Identifying SEM keywords from a technical text

Identifying keywords for Search Engine Marketing (SEM) or on-site Search Engine Optimisation (SEO) efforts is a basic task for many marketers. Usually, one can retrieve keywords easily, thinking “What is my text about?” or “How would a customer search for this text?”. However, identifying keywords gets tricky when the marketer is not a subject-matter expert for the content that he or she is advertising for. This post introduces a text analysis tool to help non-experts extract meaningful keywords from a technical text.

Text analysis is a form of machine learning that aims to understand and structure text. If you are a versed Python or R programmer, you can set up your own text analysis in a matter of minutes. However, if you are new to programming, you can use a service such as MonkeyLearn that aims to make machine learning accessible to anyone.

The Monkey Learn browser interface

In this example, I want to retrieve SEM keywords from a text that describes a method to manufacture Tin sulfide solar panels. As I am not a solar panel engineer, I find it daunting to identify meaningful keywords from such a highly technical text. Monkey Learn’s keyword extractor comes to the rescue. Paste your text into the text box, click “Extract Text” and receive some meaningful keywords within a few seconds.

It can be difficult to identify meaningful keywords for SEM or SEO campaigns when you don’t understand the text from which you want to retrieve the keywords. Text analysis tools such as Monkey Learn’s Keyword Extractor provide an efficient way to take the guesswork out of keyword generation. You will have keywords that lead your audience to exactly the kind of text they’ve been looking for.

Programmatic keyword generation

We could leave it at that and turn back to our marketing efforts. However, Monkey Learn offers an API that allows us to programmatically analyze lots of technical texts, set parameters, and retrieve a larger number of keywords per text (the default is 10).

The complete code is available in a Jupyter notebook on GitHub. Here is the workflow in plain English:

  • import the MonkeyLearn library
  • import JSON library (to wrangle JSON results of the API)
  • retrieve the API key (grab it here)
  • read your text input (into a list)
  • set the id of the model you want to run
  • make the API request
  • retrieve the keywords (and supporting information, e.g., the number of appearances in the text)

To get started, install the Monkey Learn Python Library in your terminal:

$ pip install monkeylearn

Set up a Jupyter notebook and load the libraries:

from monkeylearn import MonkeyLearn
import json

In order to use the Monkey Learn API, we need an API key. When you are logged into your Monkey Learn account, click on the circle in the upper right corner to open your account settings. Your personal API key will be provided right in the menu that opens.

When you are logged in, find your API key in the app of the Keyword Extractor or find it in the menu that opens when you click the account icon in the upper right corner.

I like to store my API key in a text file locally (which I exclude from GitHub upload). Read the key back into memory using:

with open("./api_key.txt",'r') as infile:
    api_key = infile.read()
monkeylearn = MonkeyLearn(api_key)

Next, I load my text input. In my example of the article on solar panel manufacturing, I included the title, abstract, introduction, and discussion of the scientific article.

infile_path = "./text_input.txt"
with open(infile_path,'r') as infile:
    # Read the file in one line
    text_data = infile.read()
    # Replace newline characters
    text_data = text_data.replace("\n", " ")
# The keyword extractor expects input in a list
data = [text_data]

It’s time for the API call:

# Specify the model (i.e., the keyword extractor)
model_id = 'ex_YCya9nrn'
# Set up the API call
result = monkeylearn.extractors.extract(model_id, data, 
    extra_args={'max_keywords':100, 'lowercase':1})

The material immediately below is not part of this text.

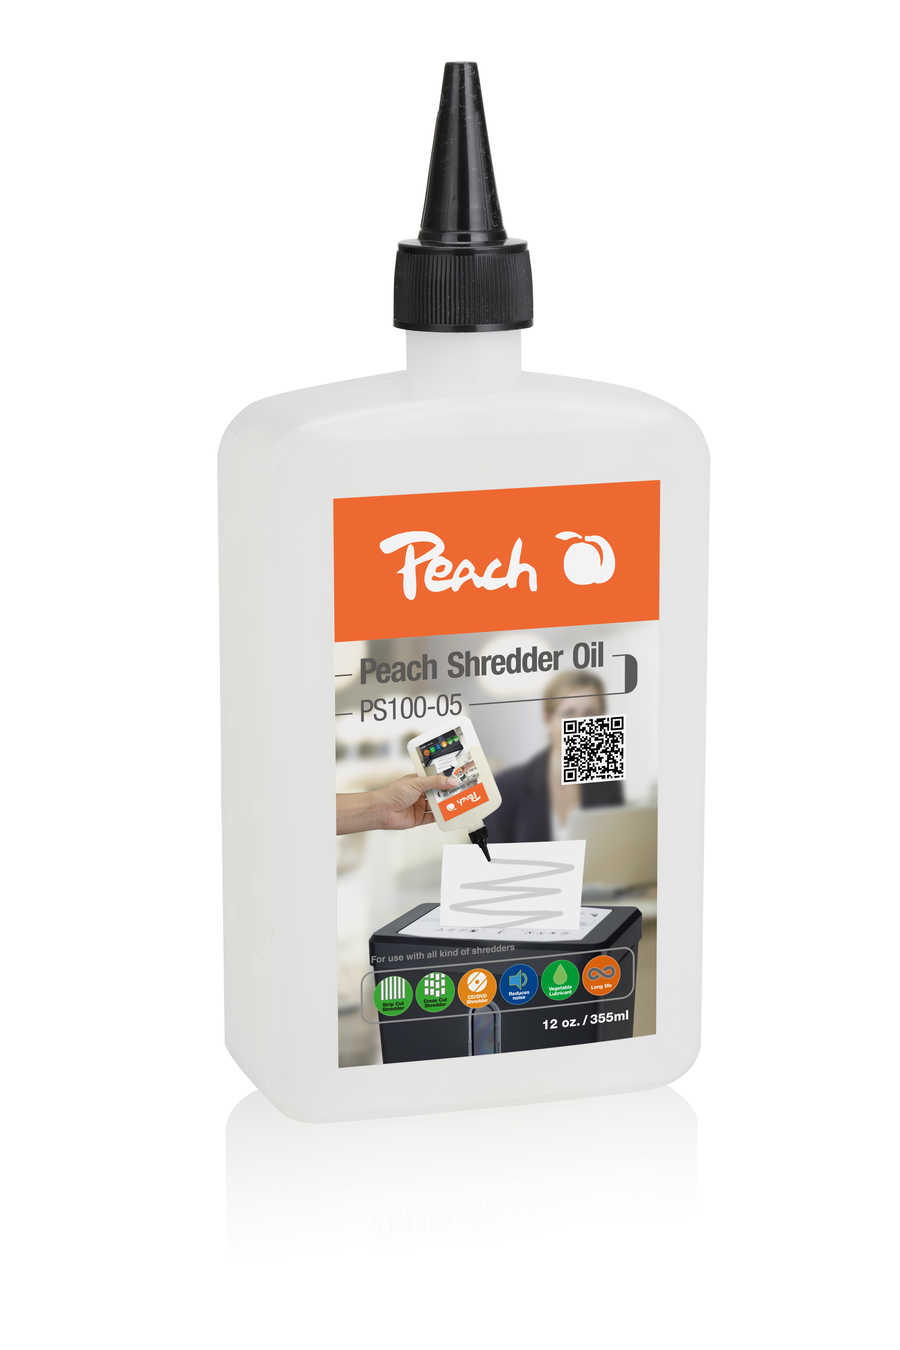 Image of Peach Spezial Öl Aktenvernichterbei 3ppp3 Peach online Shop

Note the extra arguments to the extractor model. Here, I request 100 keywords and set the lowercase argument to True (default is False). At this point, we could provide additional options. For instance, we can set the text transformation to stemming instead of the default lemmatization, or provide a blacklist (e.g., exclude keywords that have a too high cost per click rate). The options are listed in the keyword extractor’s documentation.

To get familiar with the API response for the extractor call, you might want to print the entire results with:

print(result.body)

To retrieve only the information, that we need, we loop through the ‘extractions’ and grab the keyword, its count, and relevance:

# Create a list of tuples containing 
# the keyword, its count, and its relevance
keywords = []
for keyword in result.body[0]['extractions']:
    keywords.append((keyword['parsed_value'], keyword['count'], keyword['relevance']))
# print the results
keywords

The result is a list of keywords, with the number of appearances in the text, and a relevance score. The relevance score (between 0 and 1) is high for words that are common in our provided data but rare in the English language and are, hence, likely good keywords to describe the content of our text sample.

Conclusions

Text analysis is a convenient approach to extract SEM keywords from a technical text. Services such as Monkey Learn allows marketers to conduct text analysis without any programming skills. Accessing the Monkey Learn API allows programmatic text analysis with more control over the model and the option to retrieve a higher number of keywords.